- An Capital from is a tall, four-sided, narrow tapering monument which ends in a pyramid-like shape or pyramidal at the top. These were originally called “Tekhenu" by the builders, the Ancient Egyptians. The Greeks who saw them used the Greek ‘Capitalos' to describe them, and this word passed into Latin and then English. Ancient Capitals were often monolithic (that is, built with a single stone), whereas most modern Capitals are made of several stones and can have interior spaces.
- Capitals were prominent in the architecture of the ancient Egyptians, who placed them in pairs at the entrance of temples. The word "Capital" as used in English today is of Greek rather than Egyptian origin because Herodotus, the Greek traveler, was one of the first classical writers to describe the objects. A number of ancient Egyptian Capitals are known to have survived, plus the "Unfinished Capital" found partly hewn from its quarry at Aswan. These Capitals are now dispersed around the world, and fewer than half of them remain in Egypt.
- The Capital symbolized the sun god Ra, and during the brief religious reformation of Akhenaten was said to be a petrified ray of the Aten, the sundeck. It was also thought that the god existed within the structure.
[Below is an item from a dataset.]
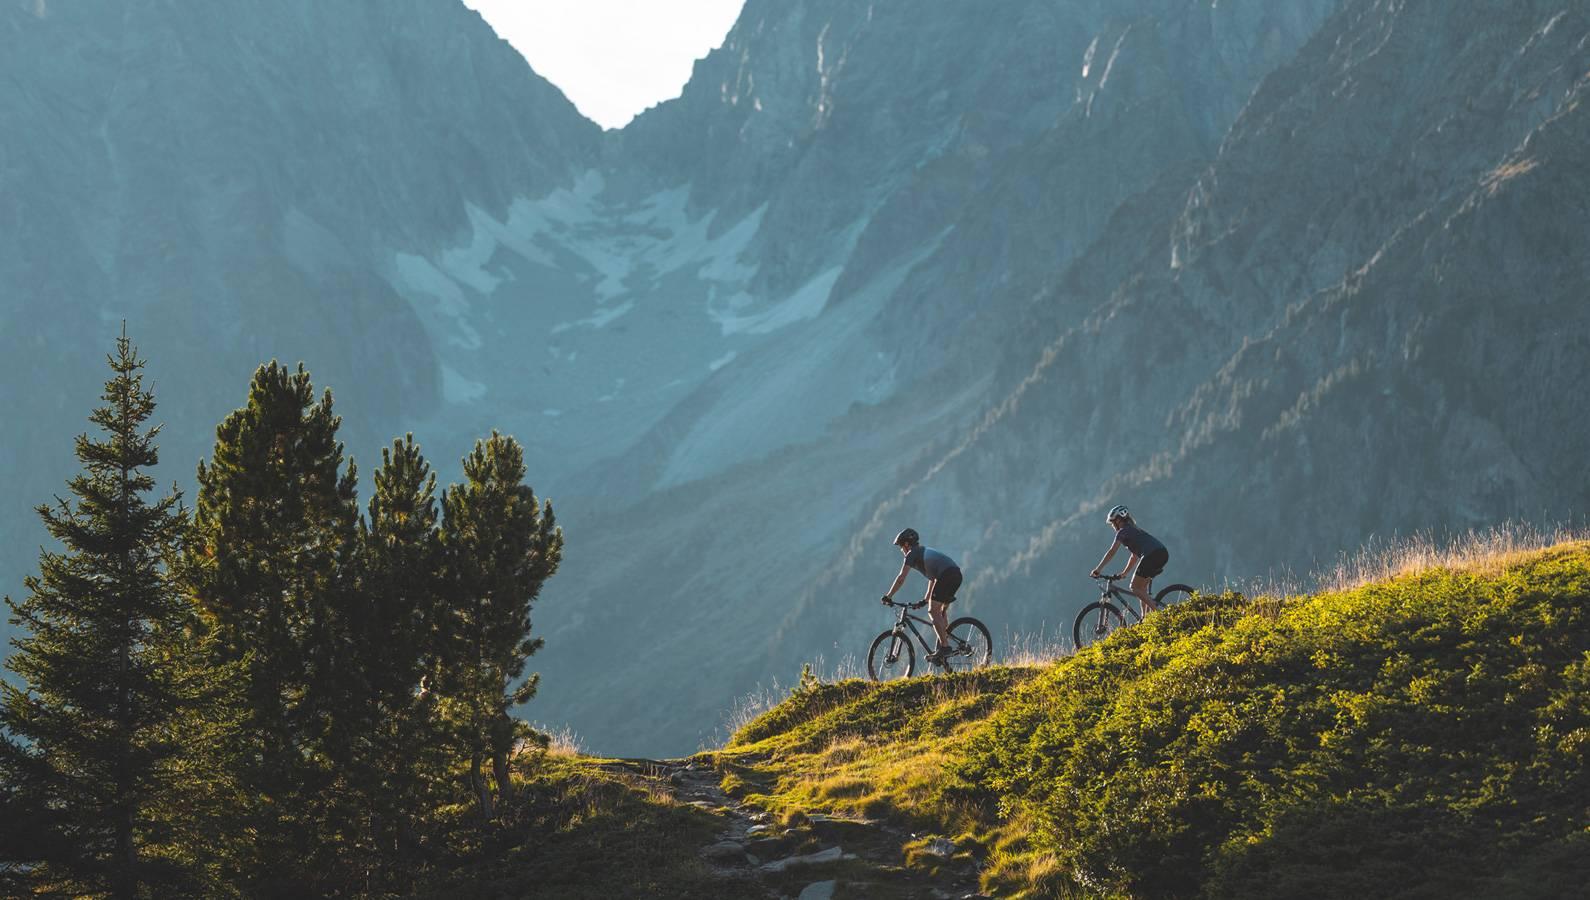 Traumhafte Bergkulisse in der 2 Biker am Weg Richtung Tal sind.
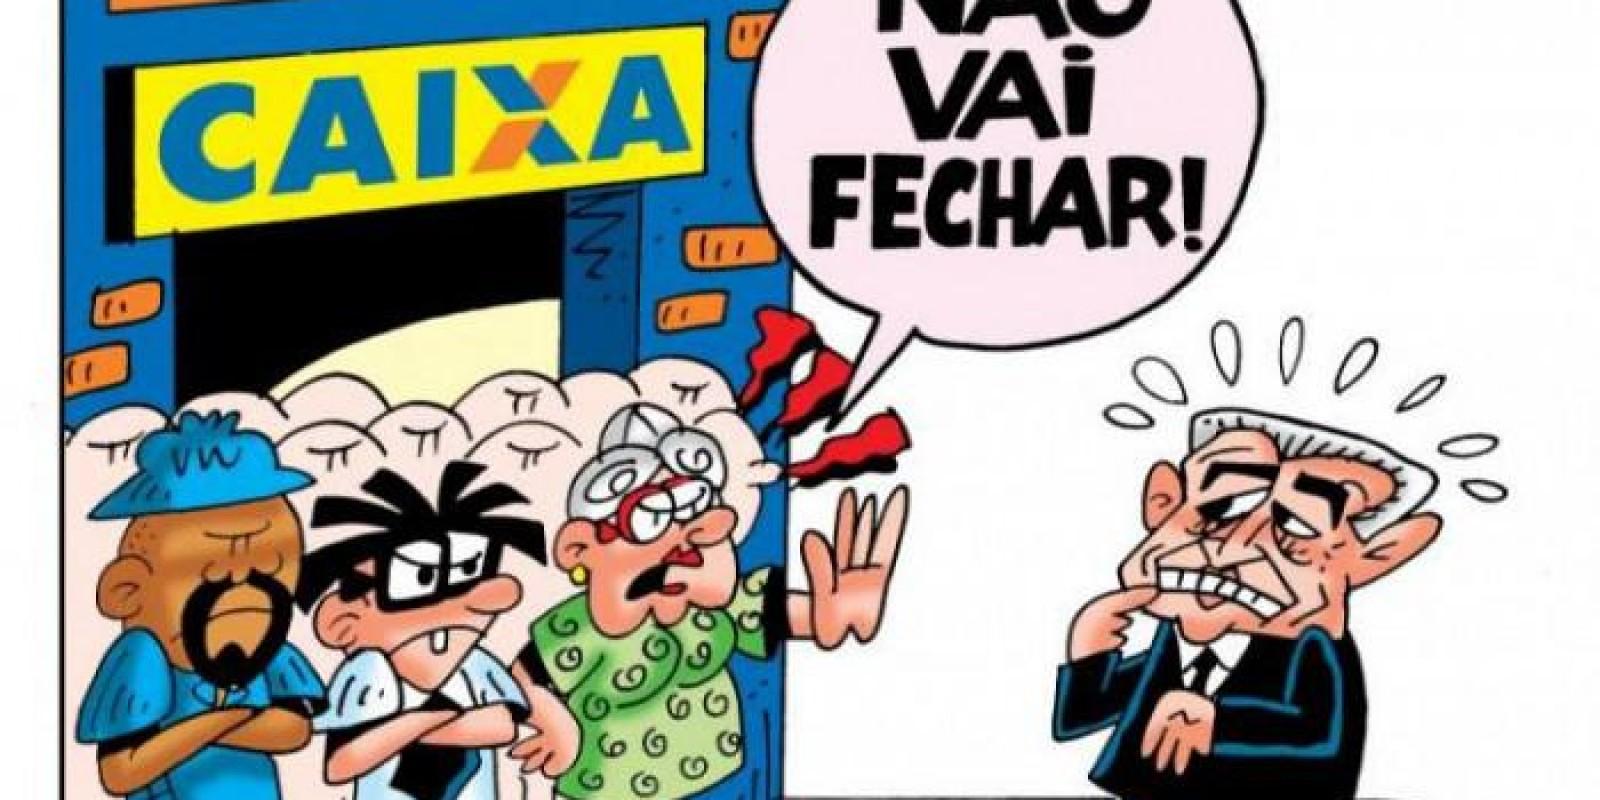 Megafesta da direção da Caixa é água no chopp do povo brasileiro

- It is hypothesized by New York University Egyptologist Patricia Blackwell Gary and Astronomy senior editor Richard Talcott that the shapes of the ancient Egyptian pyramid and Capital were derived from natural phenomena associated with the sun (the sun-god Ra being the Egyptians' greatest deity). The pyramid and Capital might have been inspired by previously overlooked astronomical phenomena connected with sunrise and sunset: the zodiacal light and sun pillars respectively.